Santos, Cláudia da Silva Amaral, "Terminologia e ontologias: metodologias para representação do
conhecimento'', Doutoramento em Linguística, 2010, U. Aveiro;
Geroimenko, Vladimir. "Dictionary of XML technologies and the semantic web''. London : Springer, cop. 2004.
(Springer professional computing). ISBN 1-85233-768-0;
Natalya F. Noy and Deborah L. McGuinness. "Ontology Development 101'': A Guide to Creating Your First
Ontology.

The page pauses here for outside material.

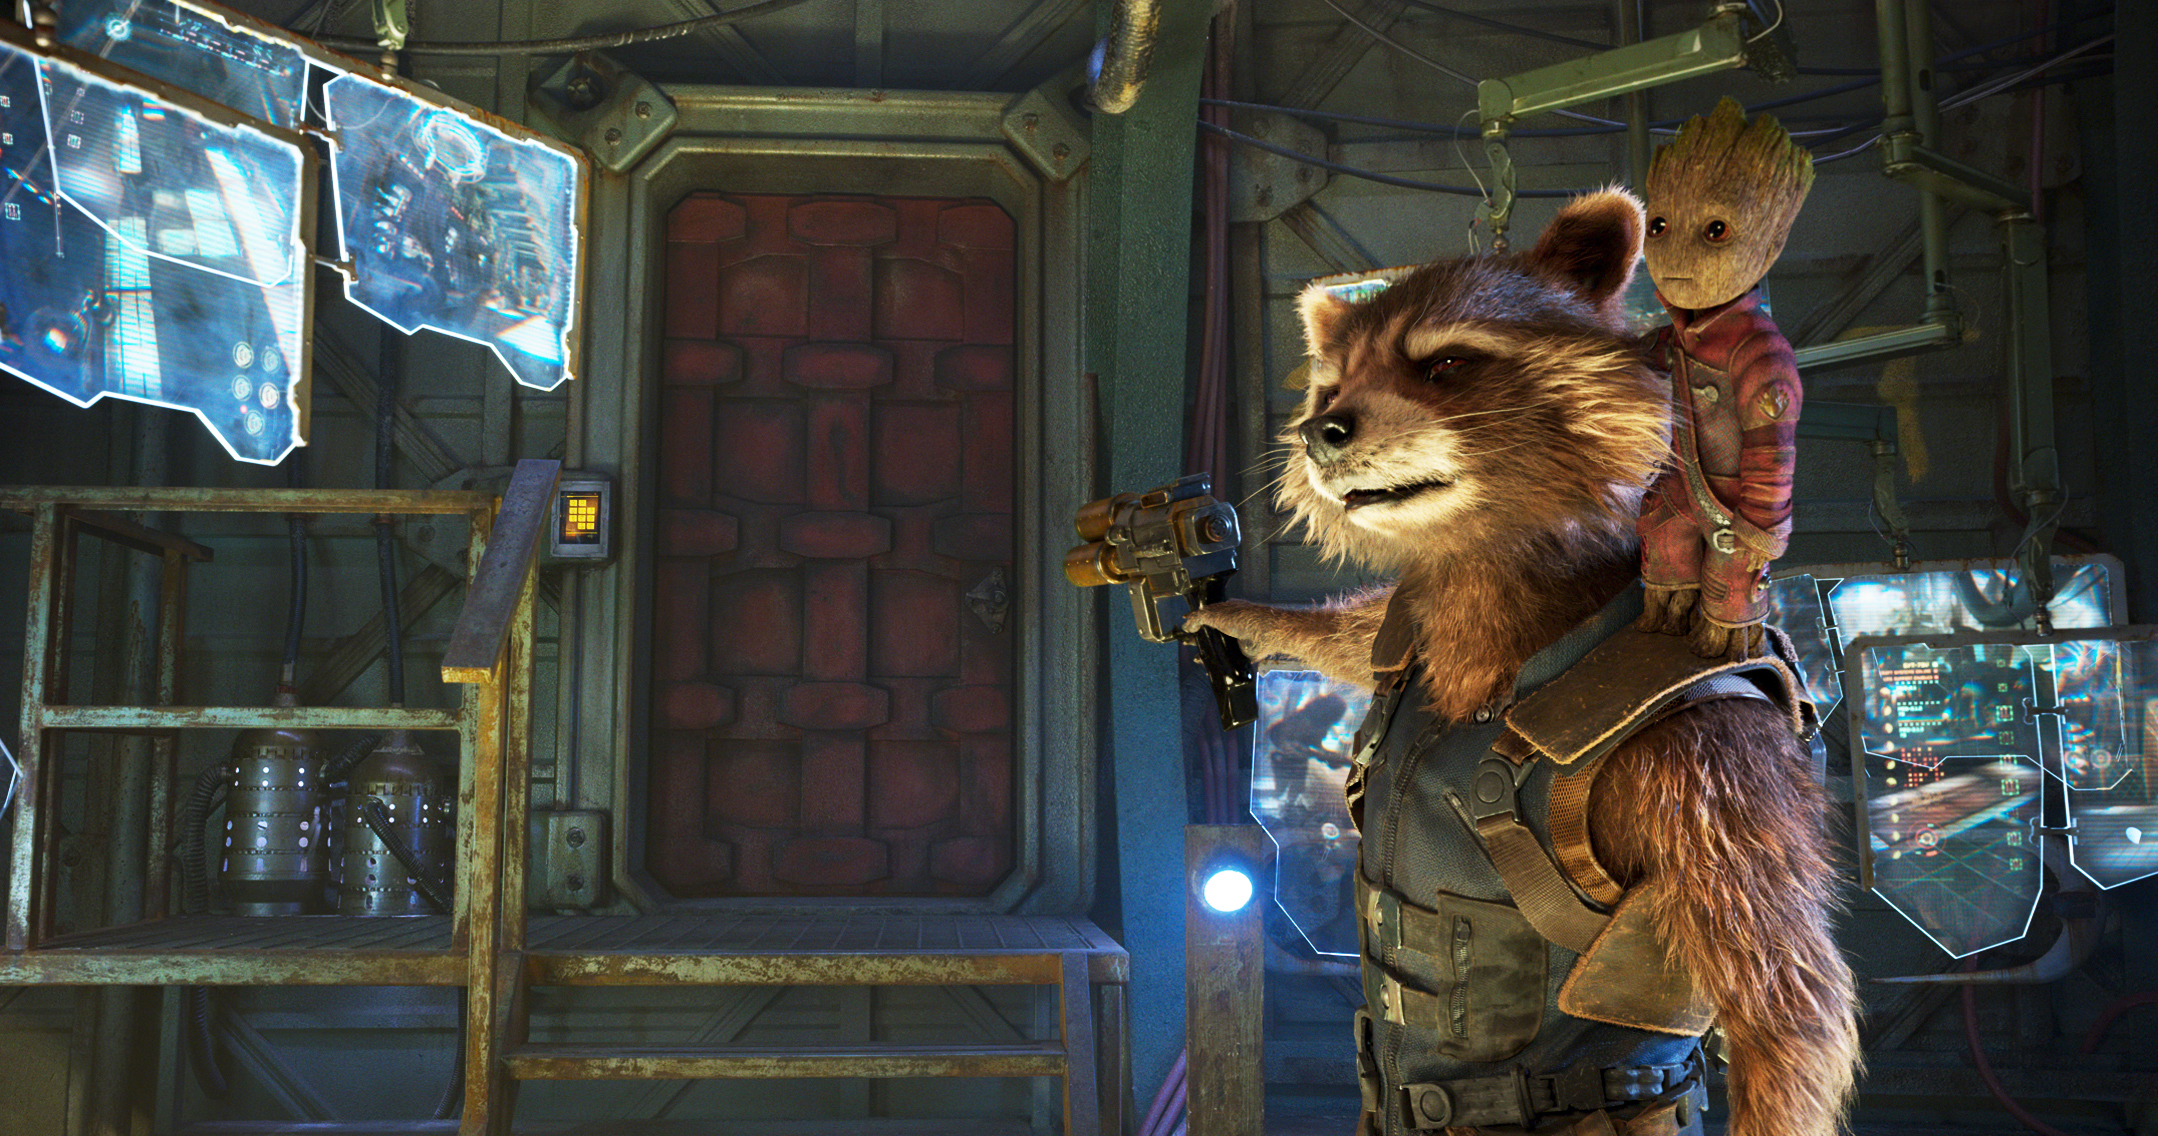 Rocket, voiced by Bradley Cooper, and Groot, voiced by Vin Diesel in <i>Guardians Of The Galaxy Vol. 2</i>. (Marvel)

In Development, vol. 32, Nr. 1, pp. 1-25. 2001;
S. Grimm. `"Knowledge Representation and Ontologies''. In Scientic Data Mining and Knowledge Discovery:
Principles and Foundations, 2009;
Ivo Serra and Rosario Girardi. "A Process for Extracting Non-Taxonomic Relations of Ontologies from Text''. In
Intelligent Information Management, vol. 3, Nr. 4, pp. 119-124. July, 2009;

Scripting in Natural Language Processing (Sem. 2)

Learning outcomes

At the end, students will: be able to write scripts to automate a variety of tasks and transformations; be able to
solve problems using transformations via regular expressions, understand the advantages and operation of
systems driven by production rules (condition-reaction) ; have the ability to build concrete DSLs; have the
ability to construct and use corpora; have the ability to extract information from different corpora; have the
ability to build electronic dictionaries; have the ability to build small prototypes to model natural language.

Syllabus

Scripting languages: characteristics, goals and concepts, introduction to a scripting language (eg Perl);
Regular language processors and regular expression-oriented programming;
Design Patterns in language processing;
Rules based languages: rewriting and textual domain-specific languages (DSL)-based rewrite rules, production
systems;
Processing of structural trees and DSLs based on these processors (eg XML :: DT, Lingua :: Treebank);
Natural Language Processing: morphosyntactic analysis of natural language texts:
Morphological models, Definite Clause Grammars and Logical Grammars, robust parsing;
Natural Language Processing: semantics and pragmatics;
Multisource dictionaries and Thesaurus;
Knowledge Extraction from Texts;
Summarization and Classification;
Introduction to machine translation.

Teaching methodologies and evaluation

This course is practical. Students will be
asked to solve specific problems using a scripting language
in collaboration with the teacher. Tasks will be proposed to
students to be solved between classes to deepen their
knowledge.
The evaluation is made based on a test and small practical problems
to be solved outside the classroom.

Bibliography

Jeffrey E. F. Friedl, "Mastering Regular Expressions, Powerful Techniques for Perl and Other Tools'', O'Reilly
Media, 2006;
Mark Jason Dominus, "Higher-Order Perl'', Morgan Kaufmann, 2005;
Daniel Jurafsky and James H. Martin. "Speech and Language Processing: An introduction to natural language
processing, computational linguistics, and speech recognition''. Pearson Prentice Hall, 2008;
Igor A. Bolshakov and Alexander Gelbukh, "Computational Linguistics: Models, Resources, Applications''.
Steven Bird, Ewan Klein, and Edward Loper, "Natural Language Processing with Python'', O'Reilly Media, 2009;
Jon Loeliger, Matthew McCullough, ``Version Control with Git, 2nd Edition'', O'Reilly Media, 2012.